Operating plane (Tier-1 naming)
For enterprise / Tier-1 discussions, it helps to name a sixth surface explicitly — the Operating plane — so repo and delivery governance are not folded only into “Control” in conversation.
| Surface | Owns (examples) | Relationship to existing table |
|---|---|---|
| Operating | Git-native engineering, AGENTS.md / CLAUDE.md, Cursor/Claude commands, CI/CD, branch rulesets, environments (dev → prod), artifact provenance, merge queue, runbooks |
Control policies (approvals, RBAC, secrets, promotion) execute through operating practices; treat Control ⊂ Operating for delivery: you cannot run a governed control plane without repo and pipeline discipline. |
Trust remains a cross-cutting concern (wraps decision, execution, control, data, and operating evidence), as in ../ai-operating-model.md.
Dealix product lanes (Revenue, Partnership, CorpDev, Expansion, PMI, Trust exec) are mapped in ../dealix-six-tracks.md.
Technology mapping (when to use what)
- Repo-native coding agents — repository inspection, edits, refactors, tests, release prep, architecture discovery.

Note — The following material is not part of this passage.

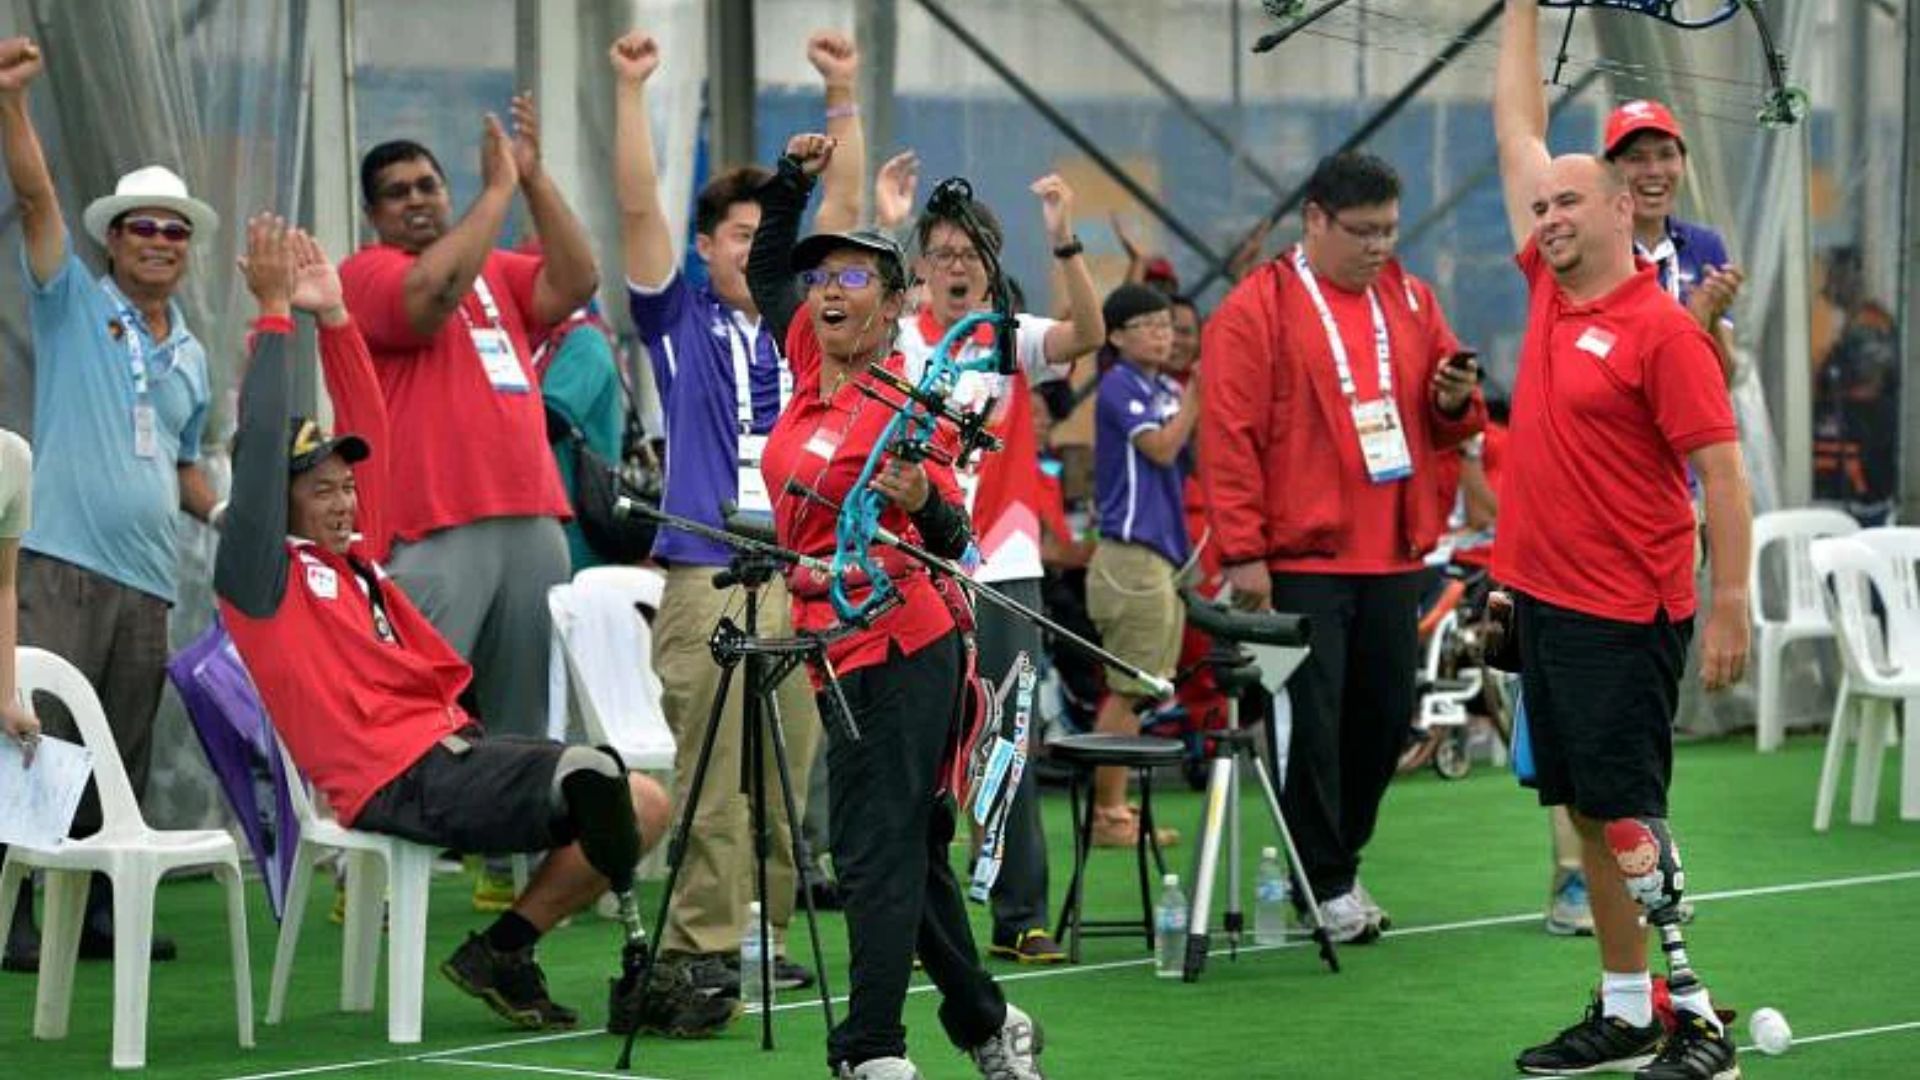 Passion for gold: Para archer Nur Syahidah Alim aims for Paris 2024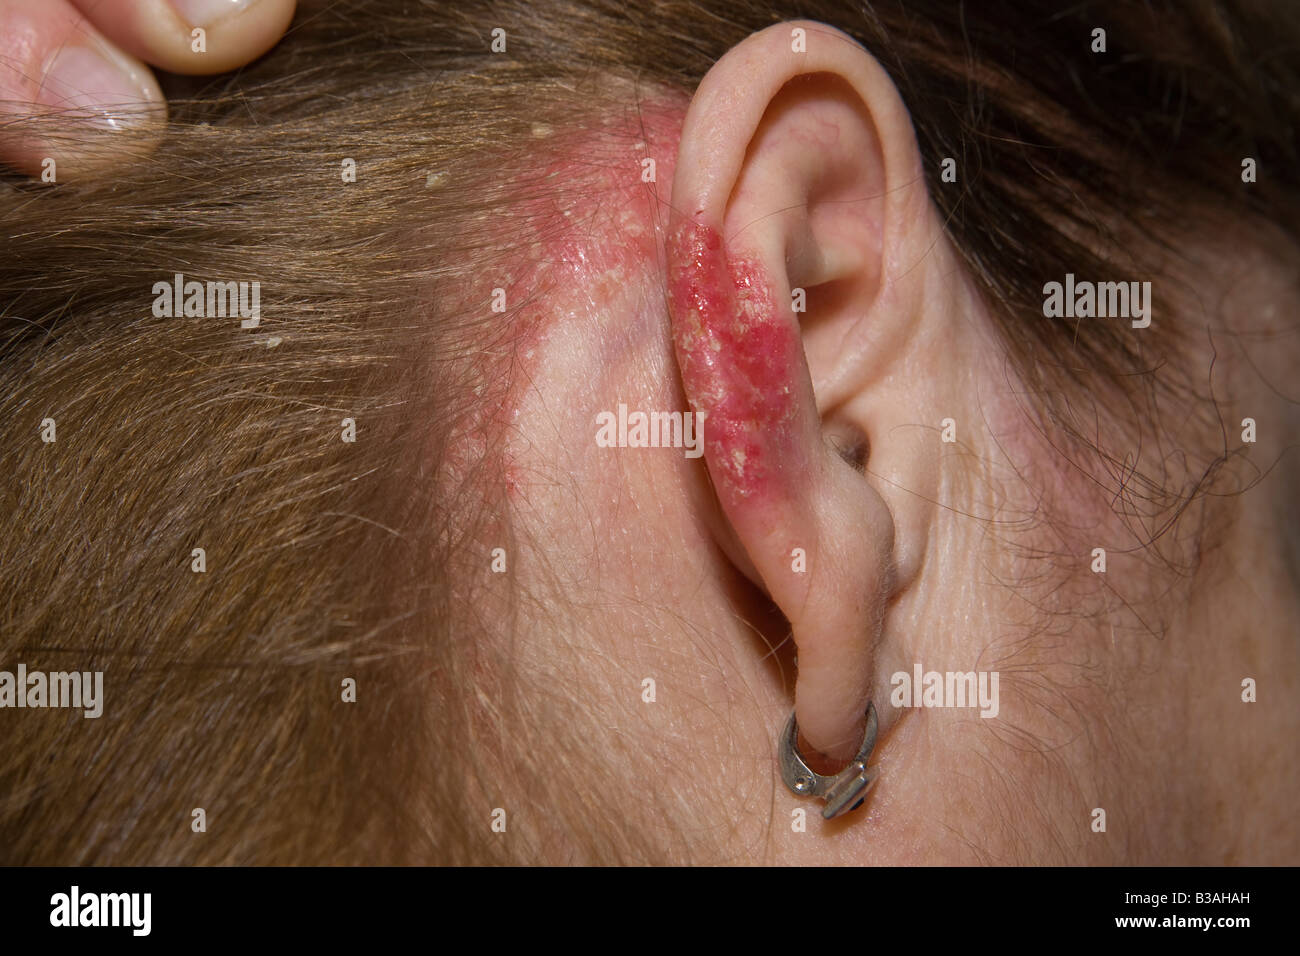 Psoriasis Skin Dermatology Stockfotos und -bilder Kaufen - Alamy

- Agent runtimes — analysis loops, memos, recommendations, structured outputs, tool-based exploration, review interrupts.
- Stateful graph runtimes — persisted cognition, checkpoints, interrupts, resumable reasoning, human-in-the-loop pauses.
- Durable workflow runtimes — flows lasting hours/days/weeks; retries, rollback, compensation; cross-system commitments; must survive crashes, restarts, and deployments.
Long-running business workflows must not live only inside ephemeral agent graphs without a durable execution owner.
Dealix code pointers (illustrative)
- Agent routing / execution:
salesflow-saas/backend/app/services/agents/(router.py,executor.py). - Graph-style flows:
salesflow-saas/backend/app/agents/,salesflow-saas/backend/app/flows/. - Policy direction in code:
salesflow-saas/backend/app/services/dealix_os/(e.g. policy engine) — keep policy out of markdown prompts.